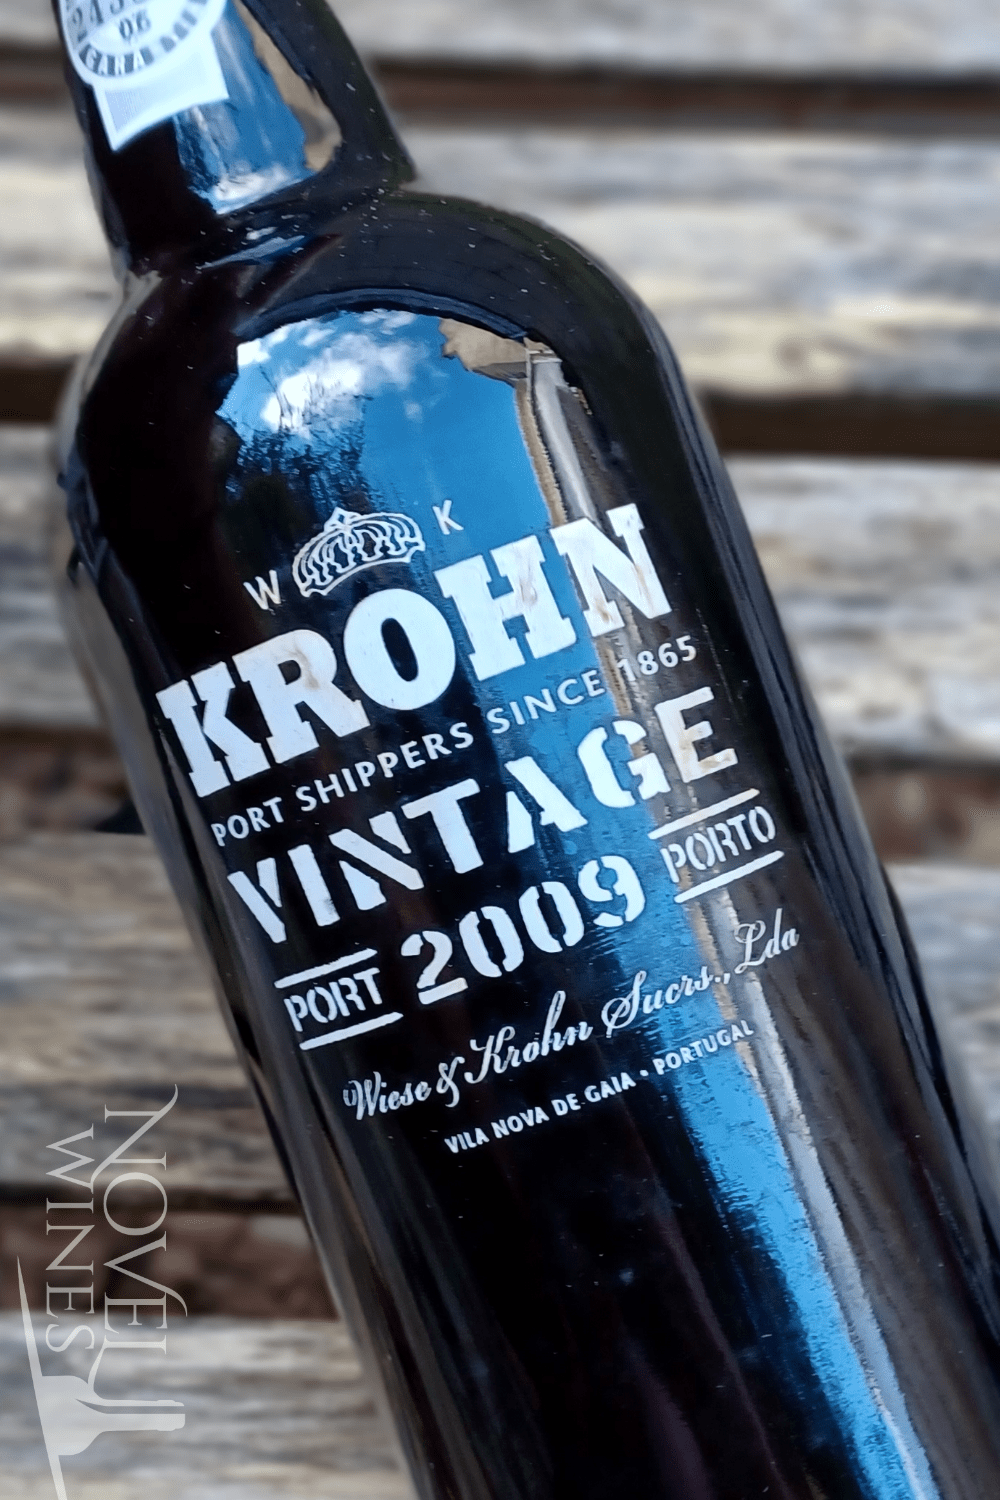 Novel Wines Krohn Vintage Port 2009, Portugal
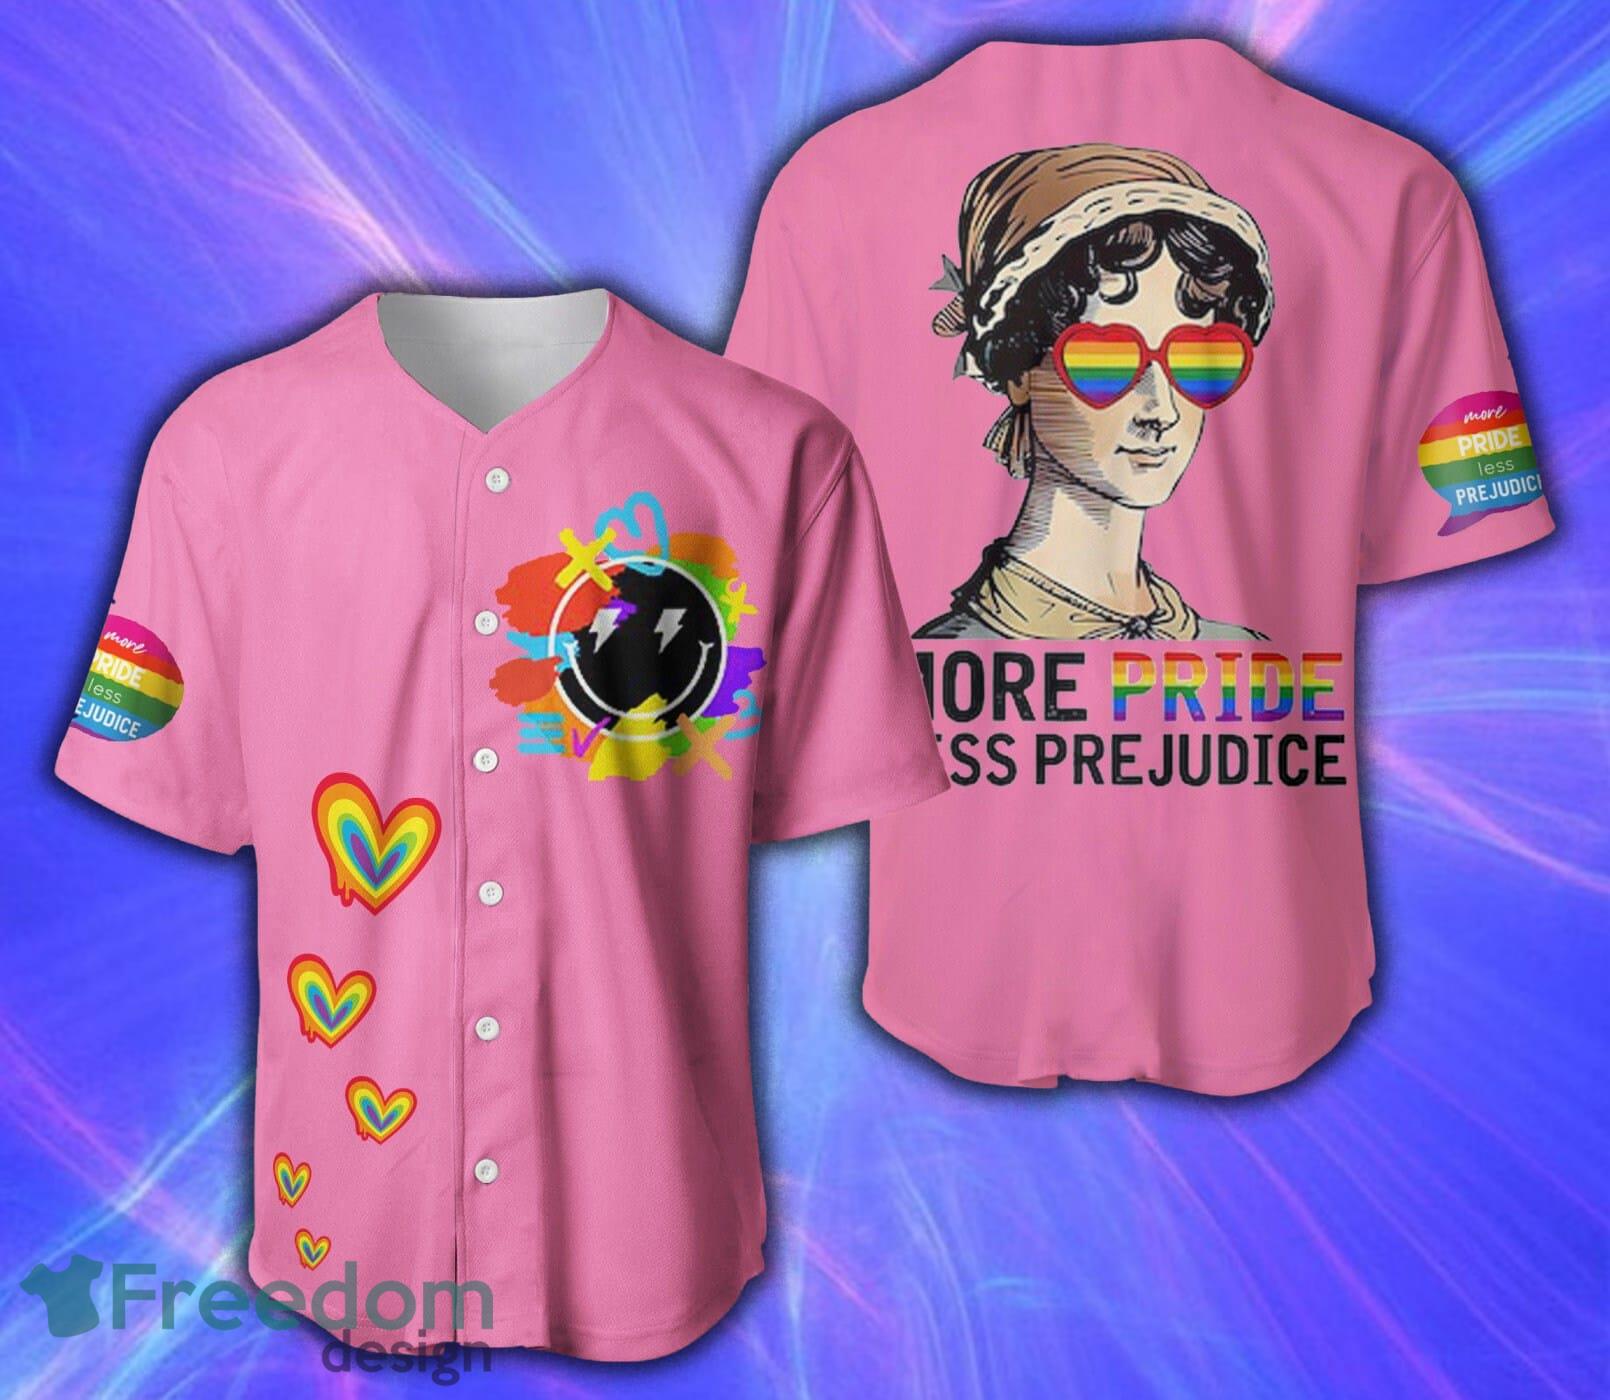 Michael Myers Baseball Jersey Style 8 Shirt Gift For Men And Women -  Freedomdesign
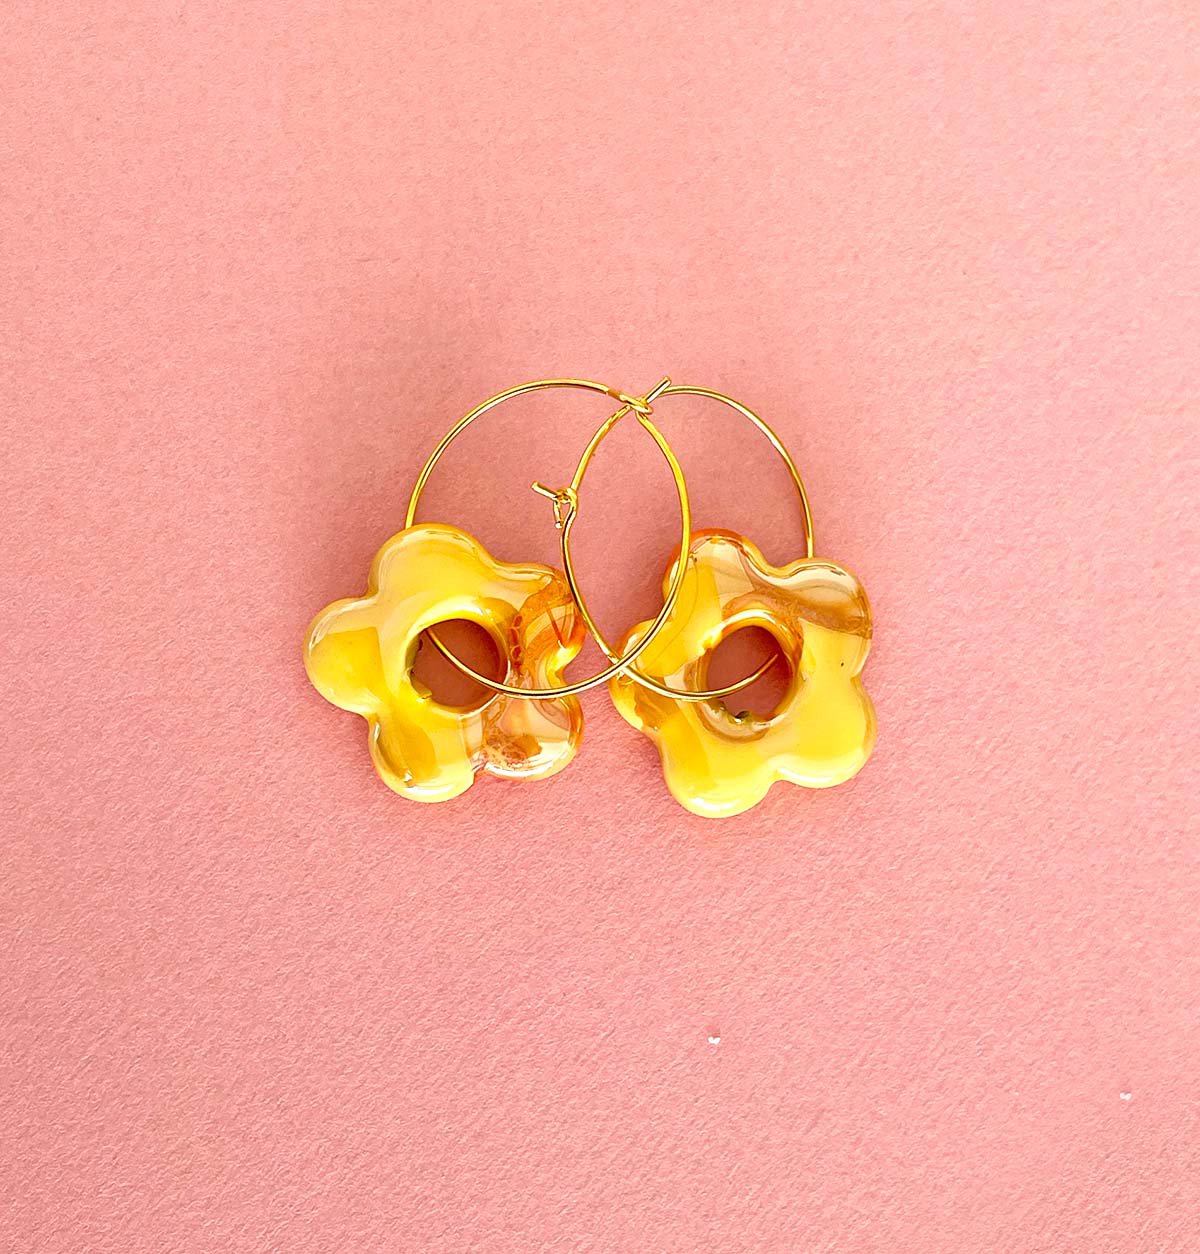 Ceramic earrings hoops yellow flower
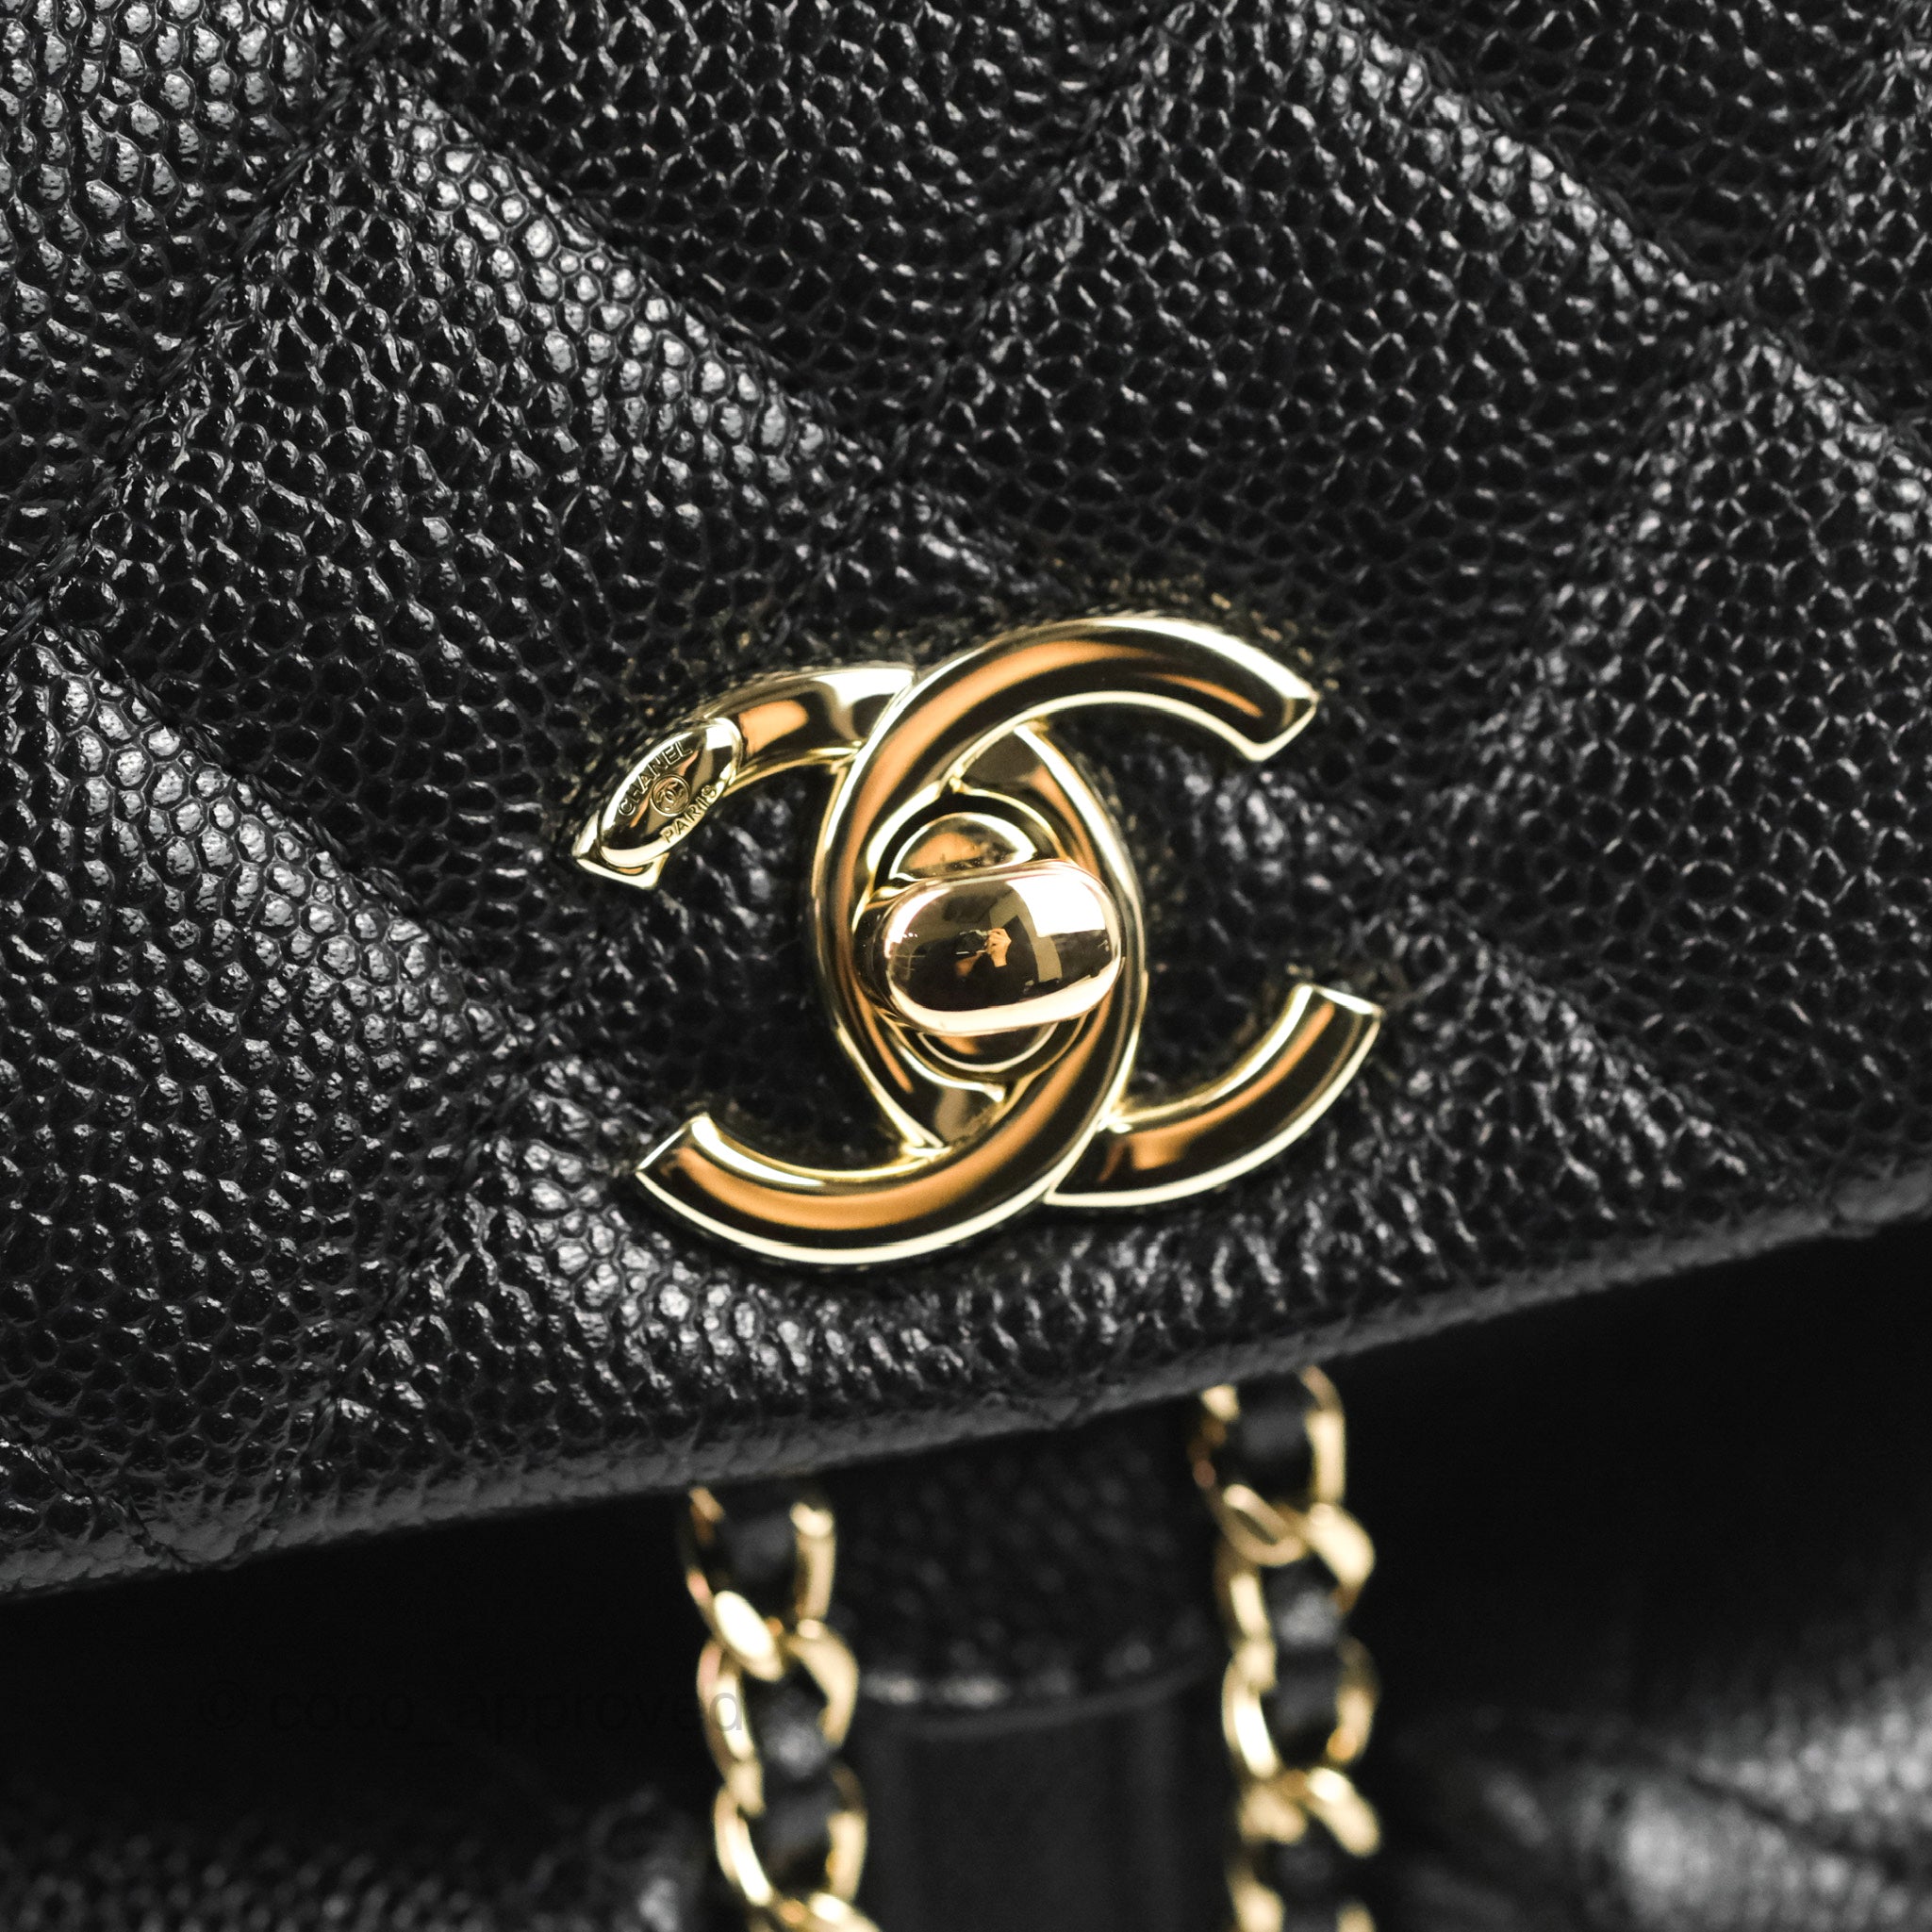 Chanel Duma Backpack Small Black Caviar Gold Hardware 23P – Coco Approved  Studio

──────────────────────────────

*EXERCISE AIM*:
Give back the data exactly. Skip any images.

*TASK OUTPUT*:
 Novel Wines Krohn Vintage Port 2009, Portugal
 Michael Myers Baseball Jersey Style 8 Shirt Gift For Men And Women -  Freedomdesign
 Ceramic earrings hoops yellow flower
 Chanel Duma Backpack Small Black Caviar Gold Hardware 23P – Coco Approved  Studio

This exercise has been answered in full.